В голове у меня промелькнула мысль о том, что этого делать не надо, но я уже ничего с собой поделать не мог. Едва только его рука коснулась моего плеча, я быстрым и почти незаметным движением правой руки захватил его ладонь, легонько сжал и потянул чуть влево и вниз. Если бы я это сделал чуть порезче, двумя руками, с приседом, да еще с отвлекающим ударом ногой в пах или под колено, эффект, конечно же, был неизмеримо больше: противник бы моментально оказался на полу с порванными связками кисти руки. Но я просто хотел показать этому самодовольному барину, что мы, сотрудники «конторы», не холуи и что людей, которые исполняют служебные обязанности, надо уважать! Поэтому, сделав только чуть-чуть больно, просто обозначив эту боль, я тут же отпустил его и с невинным лицом повторил:
– Ваш партбилет, пригласительный билет, пожалуйста! Тут этот индюк поднял такой крик! Он орал, что уже сегодня вечером я буду уволен и прочее, прочее. Но напролом уже не лез, отошел в сторону. К нему сбежались какие-то люди. Смотрю, с взволнованным лицом подбегает начальник 5-го отдела, ответственный за наше участие в мероприятии. Раньше он сам работал в парторганах, а в КГБ попал по партнабору: для «укрепления». Потерпевший, увидев наконец-то знакомое лицо, начал орать на него, а тот стоит, как побитая собака, только головой кивает. После накачки начальник подскочил ко мне.

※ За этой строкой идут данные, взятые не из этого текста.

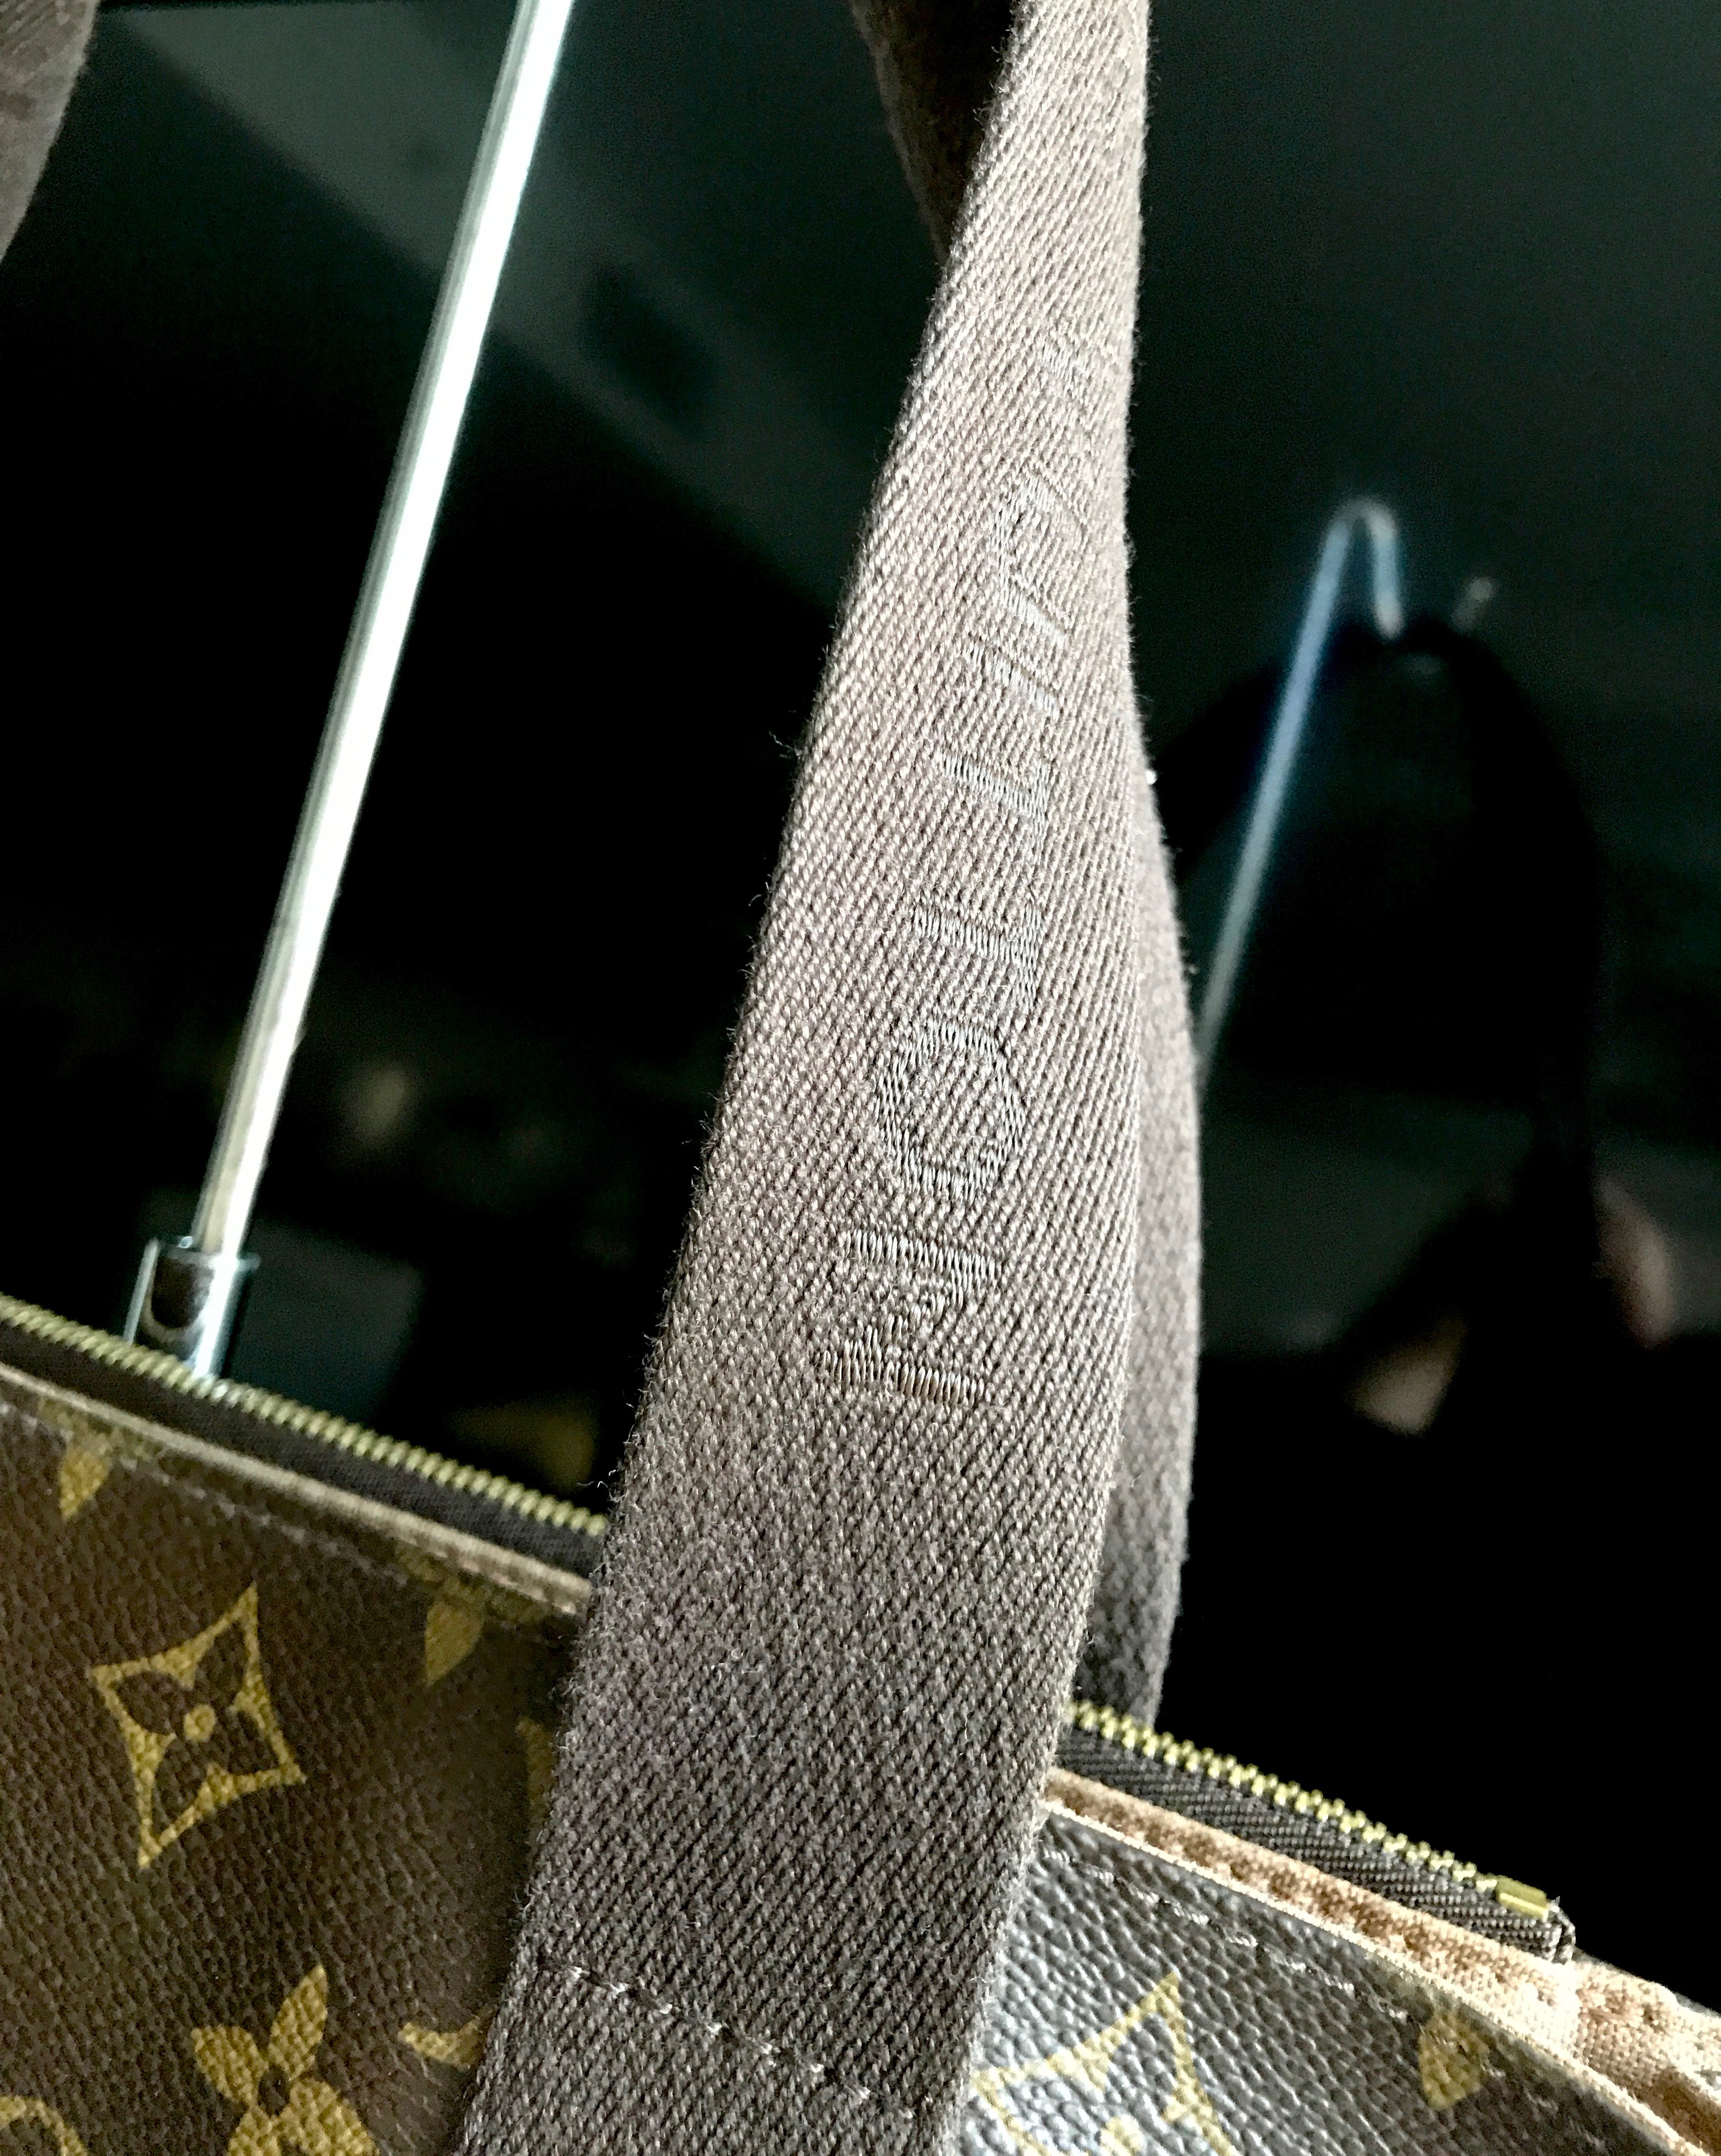 Authentic Louis Vuitton Monogram Cabas Beaubourg Tote Bag M53013

– Иди сюда! Сергей, встань вместо него! – прошипел, ухватив меня за рукав и увлекая в сторонку.
– Ты что наделал?
– Ничего.
– Почему не пропускал этого товарища? Ты ему чуть руку не сломал!
– А он документы не предъявлял! Пытался силой прорваться в зал, – заявил я и с невинным видом предположил: – Может, он террорист?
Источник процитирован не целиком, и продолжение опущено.